Persistent round numbers. Five consecutive months of exactly 10,000 litres of diesel is almost certainly an estimate, not a metered reading. Under NGER, estimated data must use prescribed estimation methods. Under AASB S2 assurance requirements, your auditor will want to know which figures are measured versus estimated. Round numbers that persist across multiple periods need to be either confirmed against source documents or flagged as estimates in the reporting.

Statistical outliers beyond explanation. A facility reporting emissions 2.5+ standard deviations from its 12-month rolling average deserves investigation. Not every outlier is an error - seasonal patterns, project phase changes, and weather all create legitimate variation. But the investigation should happen before reporting, not after.

Why this matters now more than before

Two things have changed in the Australian reporting environment that make unresolved data quality issues significantly more dangerous than they were even 18 months ago.

First, the NGER-to-ASRS pipeline. NGER data now feeds directly into mandatory climate disclosures under AASB S2. Scope 1 and 2 figures that were previously seen only by the Clean Energy Regulator will now appear in financial statements reviewed by investors, analysts, and lenders. A 5% inflation from undetected duplicates might not have triggered CER enforcement. But it will trigger questions from your auditor under ASSA 5010, and it could expose you to ACCC scrutiny if those inflated numbers flow into public emissions reduction claims.

Second, the bar for what constitutes "adequate controls" is rising.

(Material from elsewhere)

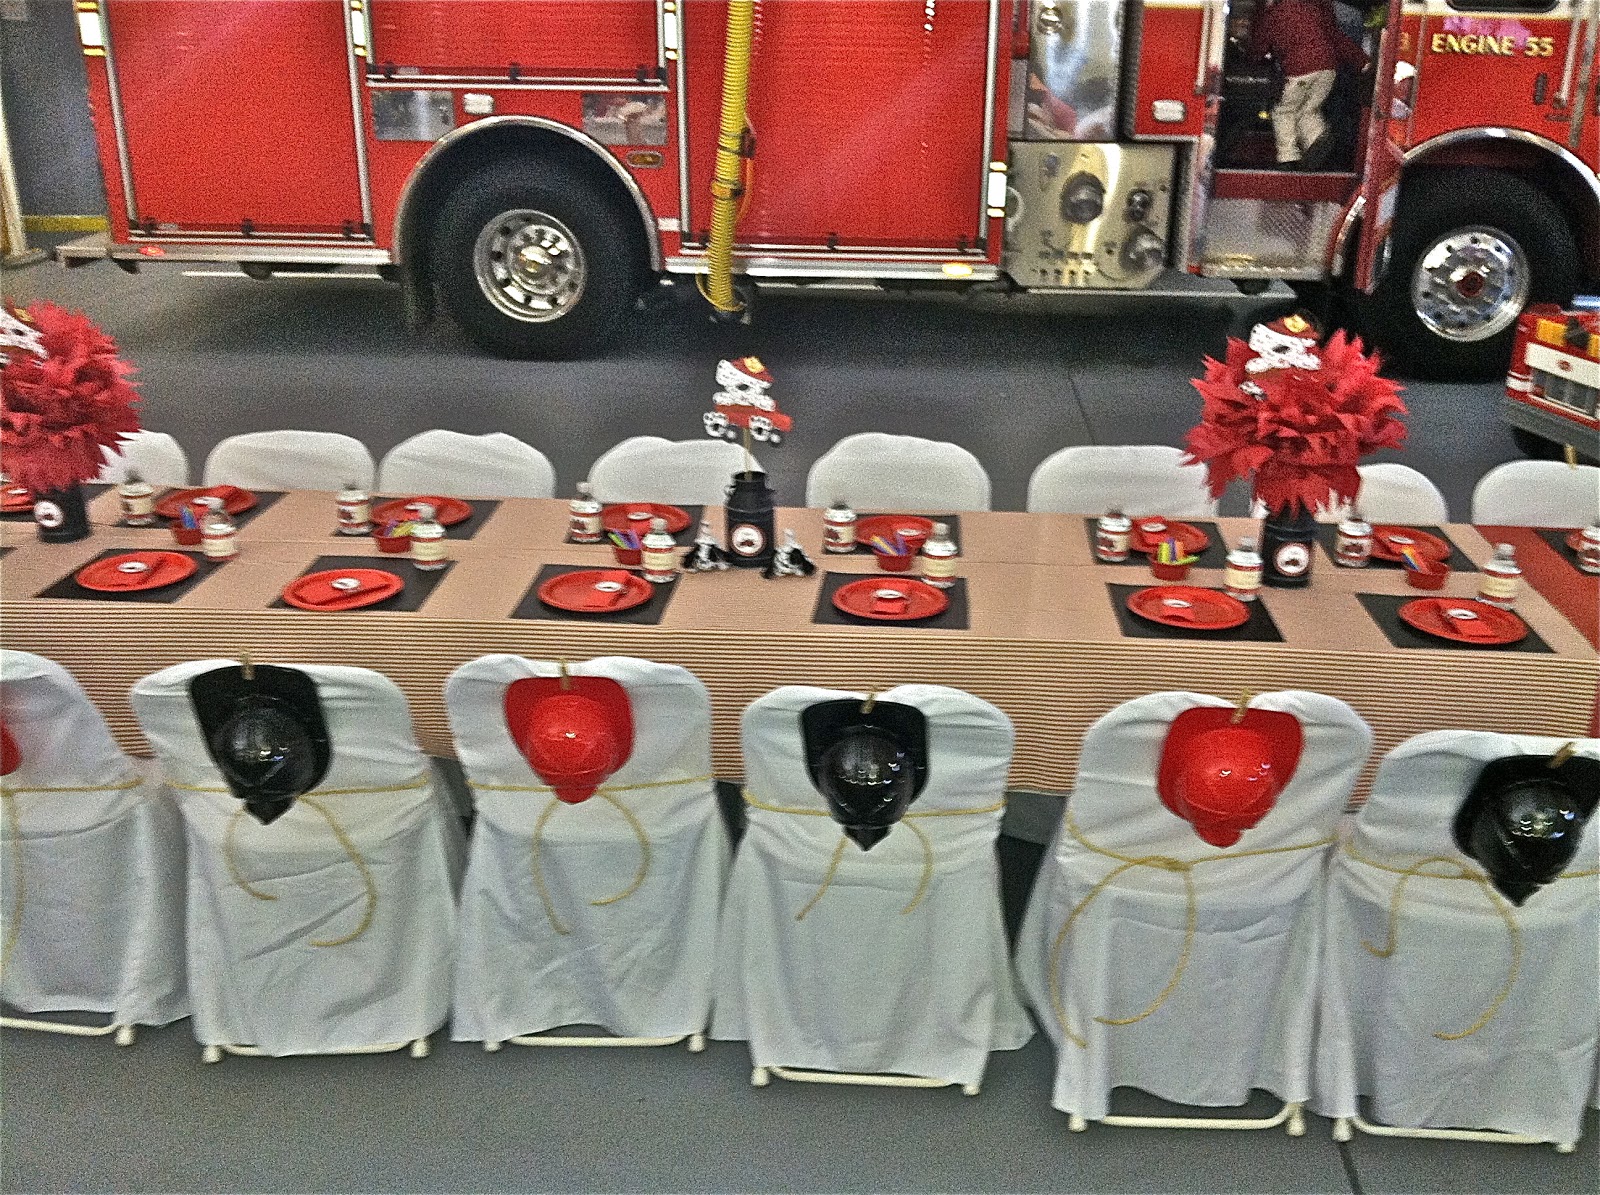 fire retirement firefighter department decorations centerpieces birthday fireman theme table dept blazin fighter parties hall themed backdrop jack planmeapartyinpa truck
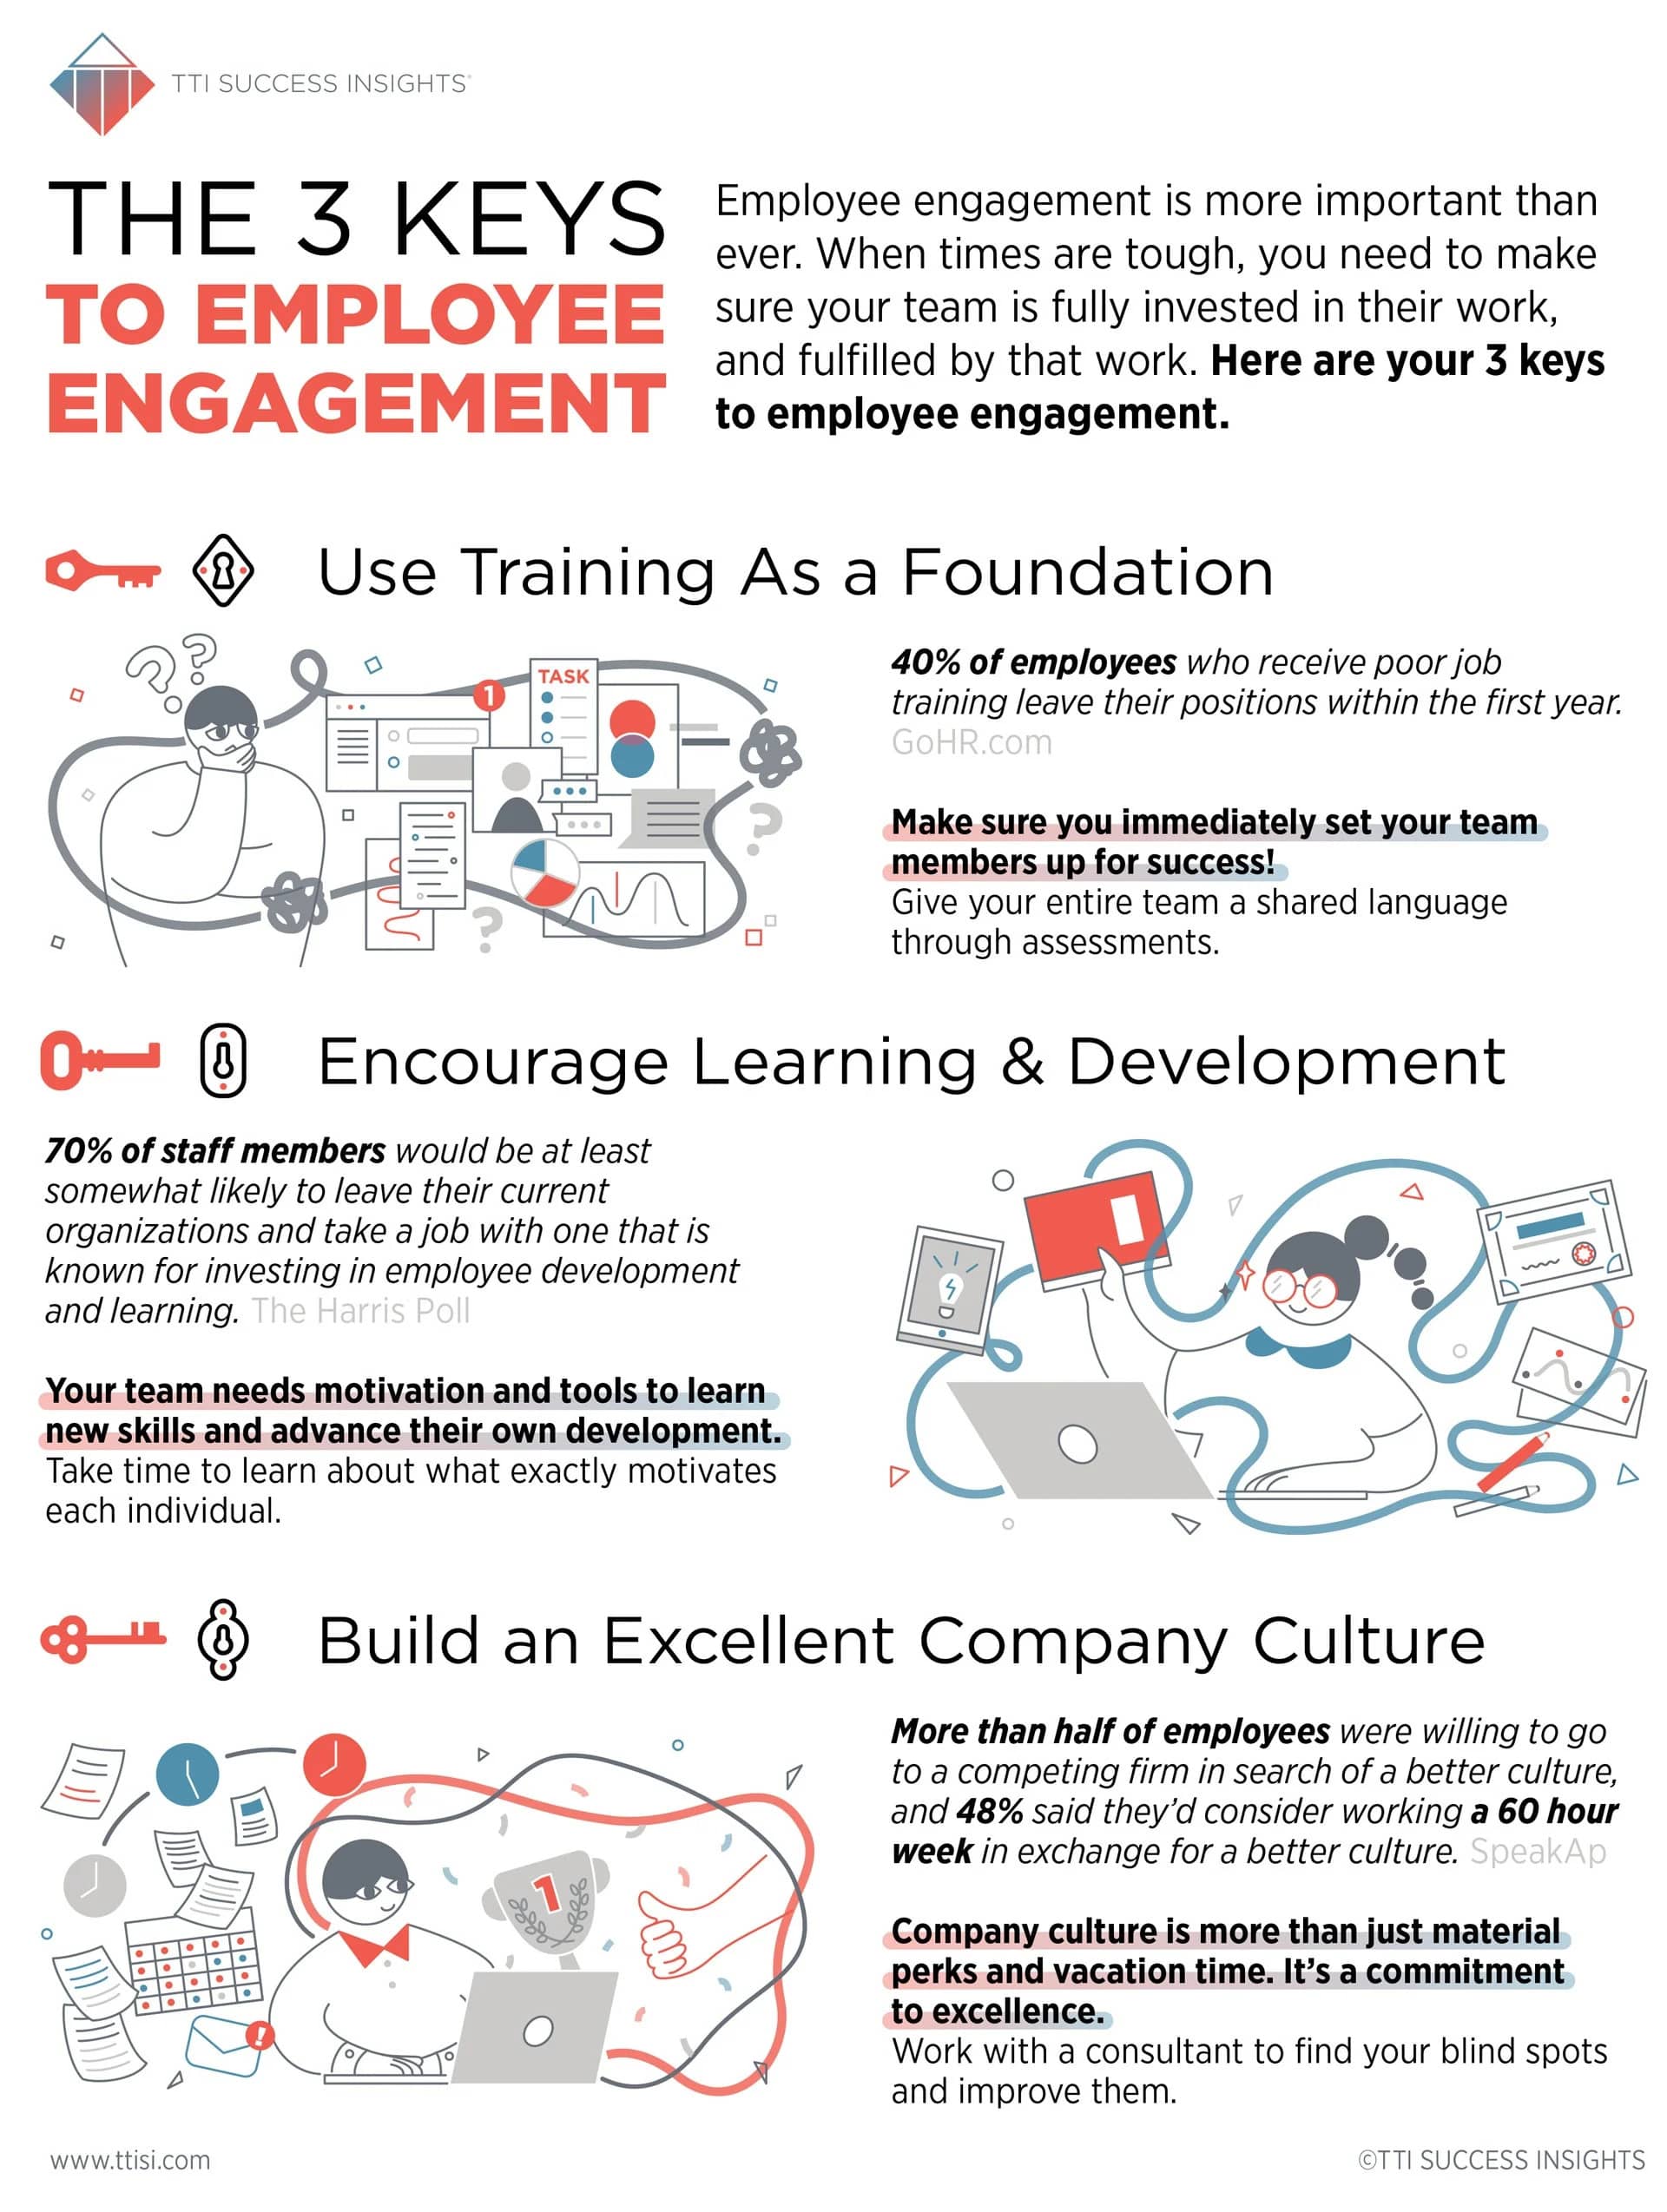 The 3 Keys to Employee Engagement - Infographic

The CER's statement in Beach Energy's enforceable undertaking is telling: "While the NGER Act does not explicitly require corporations to implement such controls, their absence can lead to persistent and significant reporting inaccuracies." Read between the lines. They expect you to have systems in place. Not just data entry. Not just detection. Resolution.

Having 518 unresolved anomalies on your screen is, in a regulatory sense, evidence that you knew about data quality issues and did nothing about them. That's a worse position than not having anomaly detection at all.

Getting from 518 to 3

At Carbonly, we're rebuilding our anomaly detection module around this exact problem. Not better detection - better resolution. The goal is that when a sustainability manager opens the data quality screen, they see a prioritised list of issues, not a dump of every alert the system has ever generated.

Each issue comes with context: what happened, which documents are involved, what the emissions impact is in tonnes CO2-e, why it matters for compliance (NGER, ASRS, or both), and what to do about it. Related issues are grouped. Low-priority noise is suppressed below a configurable materiality threshold. Resolved issues are archived with a full audit trail - because your assurance provider will want to see not just that you found problems, but that you fixed them and documented how.

We won't pretend we've finished building this. Some of the harder resolution paths - particularly around Scope 3 data quality and multi-party joint venture allocations - are still works in progress. But the core thesis is simple: anomaly detection that doesn't lead to resolution is just a more sophisticated way of ignoring your data problems.

If you're currently staring at a screen full of unresolved alerts in whatever tool you're using, start with this: sort by emissions impact. Ignore everything below 5 tonnes CO2-e. That'll probably cut your 518 items down to about 30. Group those 30 by root cause - you'll likely find 5-8 actual issues. Fix those. That's your real data quality work. Everything else is noise pretending to be signal.